= Order-independent transparency =

Computer graphic techniques

Order-independent transparency (OIT) is a class of techniques in rasterisational computer graphics for rendering transparency in a 3D scene, which do not require rendering geometry in sorted order for alpha compositing.

==Description==
Commonly, 3D geometry with transparency is rendered by blending (using alpha compositing) all surfaces into a single buffer (think of this as a canvas). Each surface occludes existing color and adds some of its own color depending on its alpha value, a ratio of light transmittance. The order in which surfaces are blended affects the total occlusion or visibility of each surface. For a correct result, surfaces must be blended from farthest to nearest or nearest to farthest, depending on the alpha compositing operation, over or under.
Ordering may be achieved by rendering the geometry in sorted order, for example sorting triangles by depth, but can take a significant amount of time,
not always produce a solution (in the case of intersecting or circularly overlapping geometry) and the implementation is complex.
Instead, order-independent transparency sorts geometry per-pixel, after rasterisation. For exact results this requires storing all fragments before sorting and compositing.

==History==
The A-buffer is a computer graphics technique introduced in 1984 which stores per-pixel lists of fragment data (including micro-polygon information) in a software rasteriser, REYES, originally designed for anti-aliasing but also supporting transparency.

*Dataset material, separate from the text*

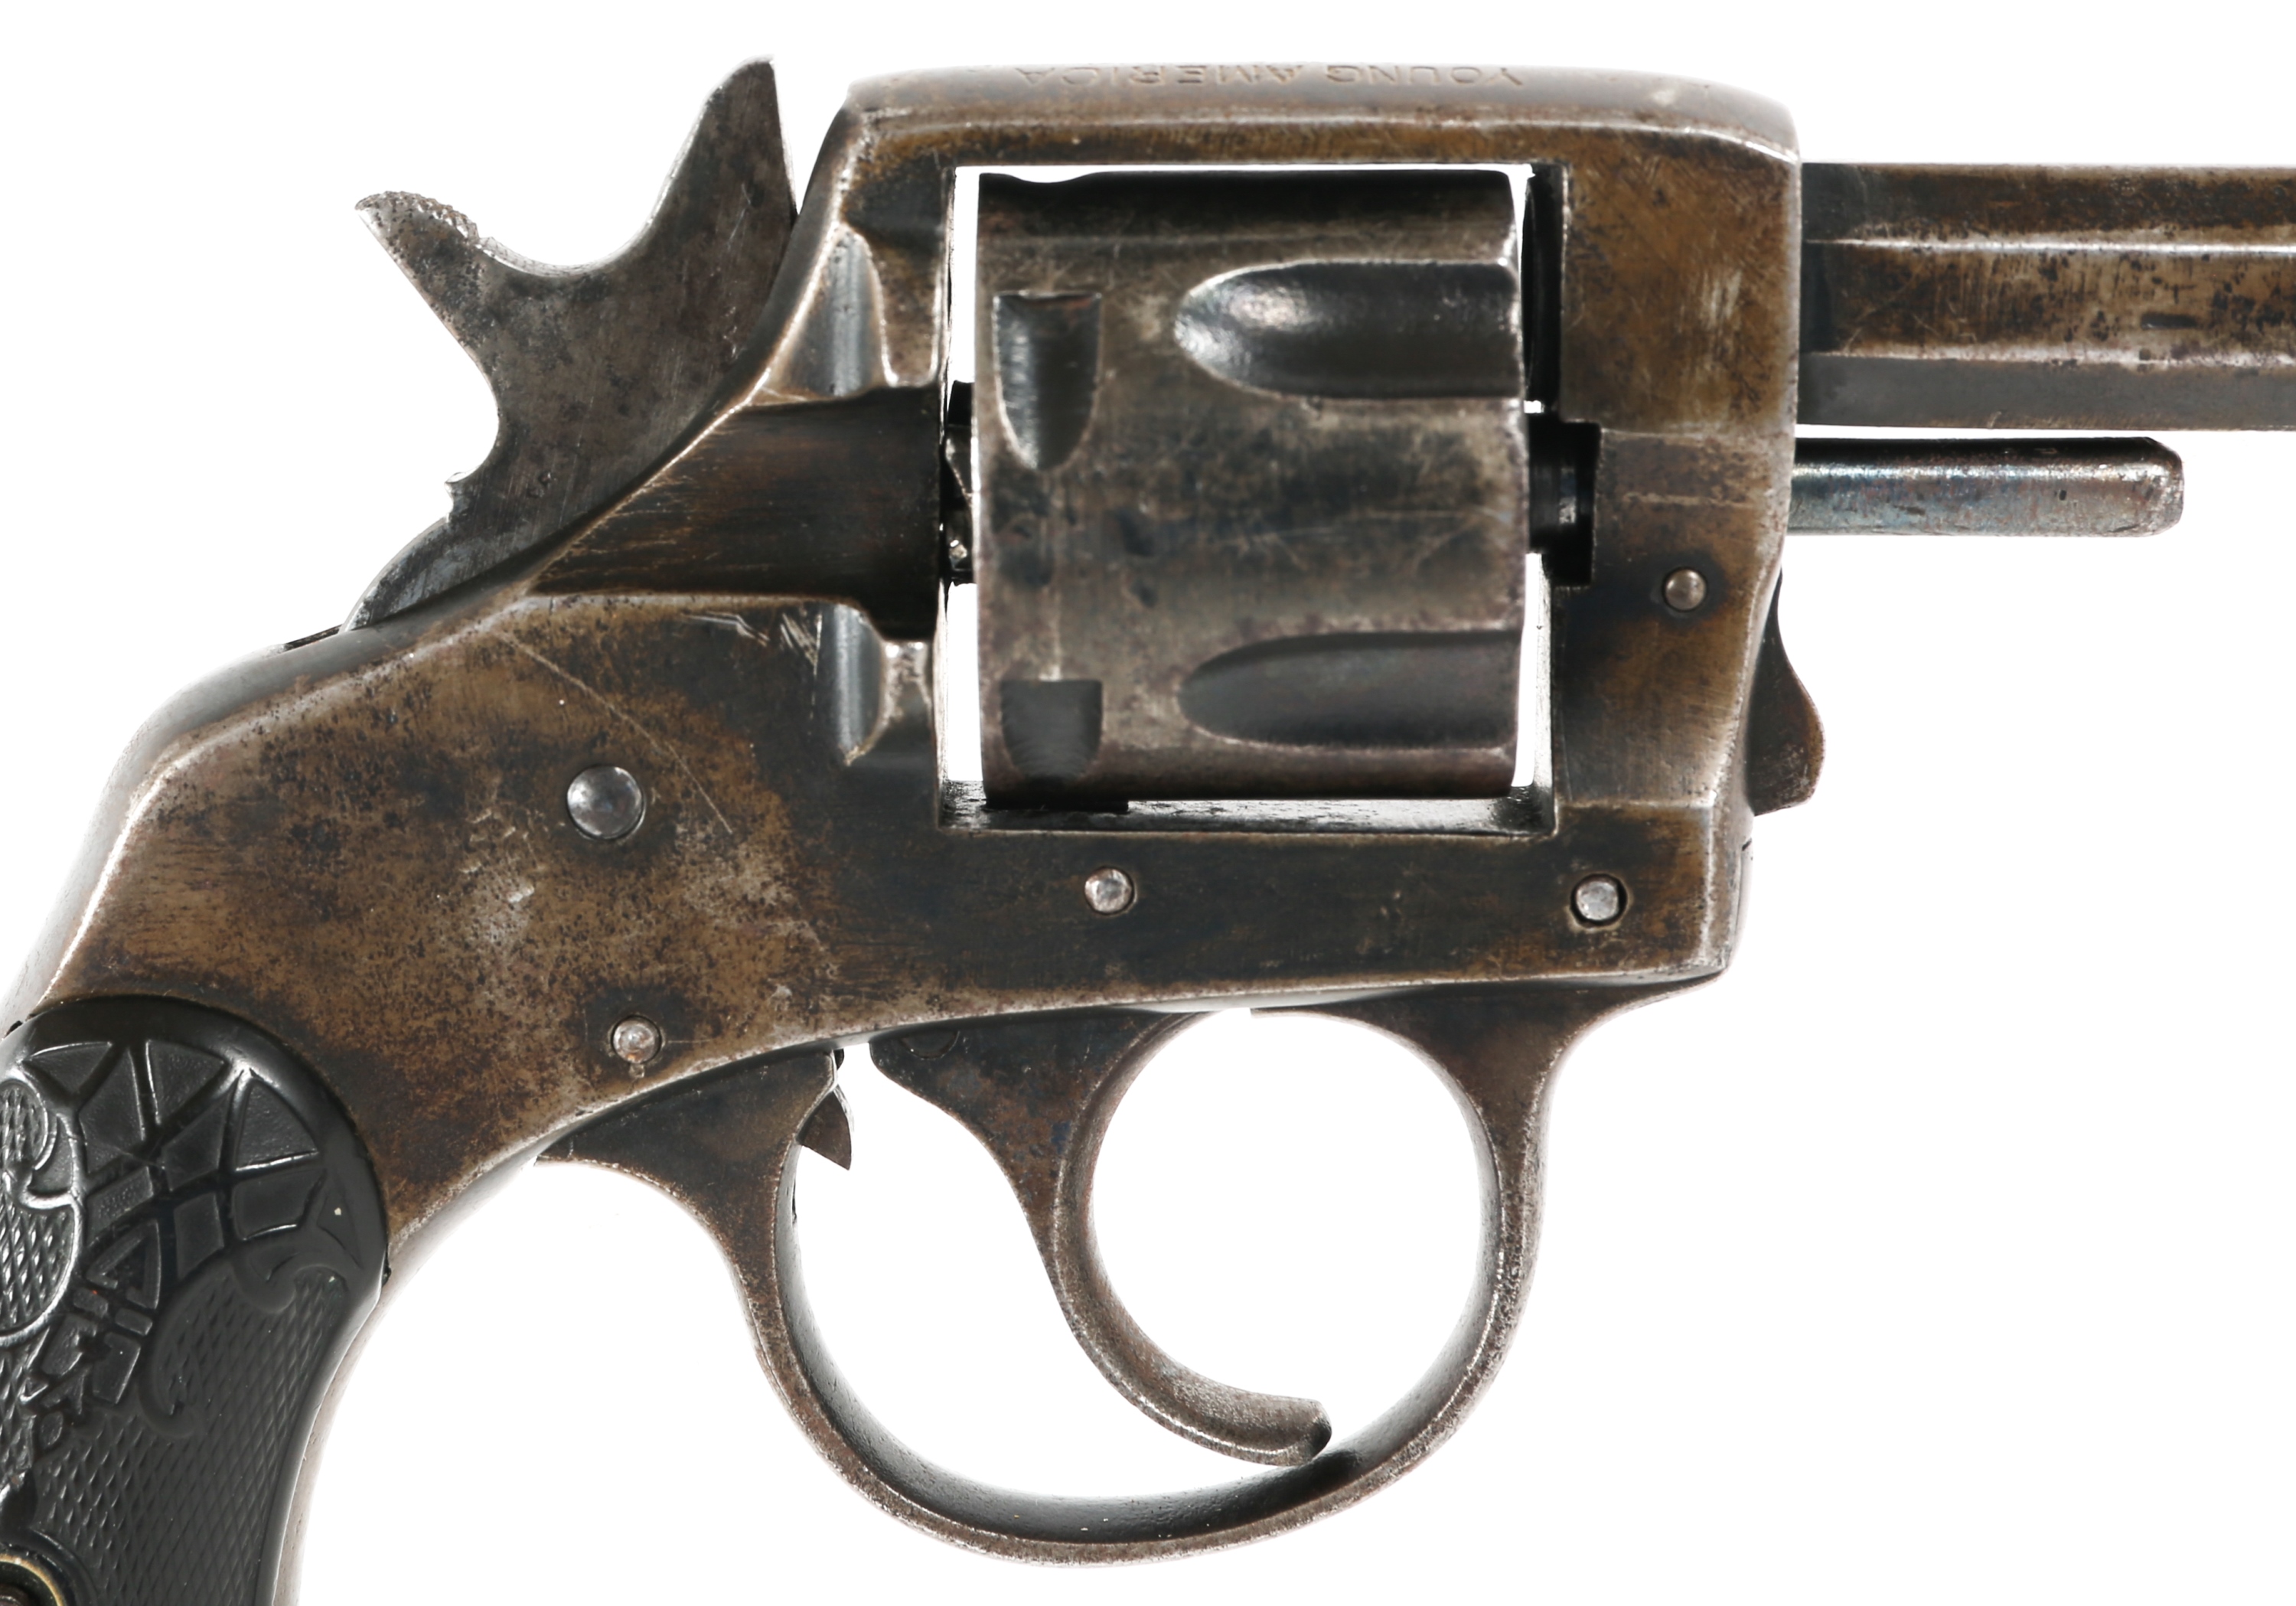 Sold at Auction: H&R Arms Young American Double Action Cal. 32 S&W

More recently, depth peeling in 2001 described a hardware accelerated OIT technique. With limitations in graphics hardware the scene's geometry had to be rendered many times. A number of techniques have followed, to improve on the performance of depth peeling, still with the many-pass rendering limitation. For example, Dual Depth Peeling (2008).

In 2009, two significant features were introduced in GPU hardware/drivers/Graphics APIs that allowed capturing and
storing fragment data in a single rendering pass of the scene, something not previously possible.
These are, the ability to write to arbitrary GPU memory from shaders and atomic operations. With these features a new class
of OIT techniques became possible that do not require many rendering passes of the scene's geometry.
- The first was storing the fragment data in a 3D array, where fragments are stored along the z dimension for each pixel x/y. In practice, most of the 3D array is unused or overflows, as a scene's depth complexity is typically uneven. To avoid overflow the 3D array requires large amounts of memory, which in many cases is impractical.
- Two approaches to reducing this memory overhead exist.
  1. Packing the 3D array with a prefix sum scan, or linearizing, removed the unused memory issue but requires an additional depth complexity computation rendering pass of the geometry. The "Sparsity-aware" S-Buffer, Dynamic Fragment Buffer, "deque" D-Buffer, Linearized Layered Fragment Buffer all pack fragment data with a prefix sum scan and are demonstrated with OIT.
  2. Storing fragments in per-pixel linked lists provides tight packing of this data and in late 2011, driver improvements reduced the atomic operation contention overhead making the technique very competitive.

==Exact OIT==
Exact, as opposed to approximate, OIT accurately computes the final color, for which all fragments must be sorted. For high depth complexity scenes, sorting becomes the bottleneck.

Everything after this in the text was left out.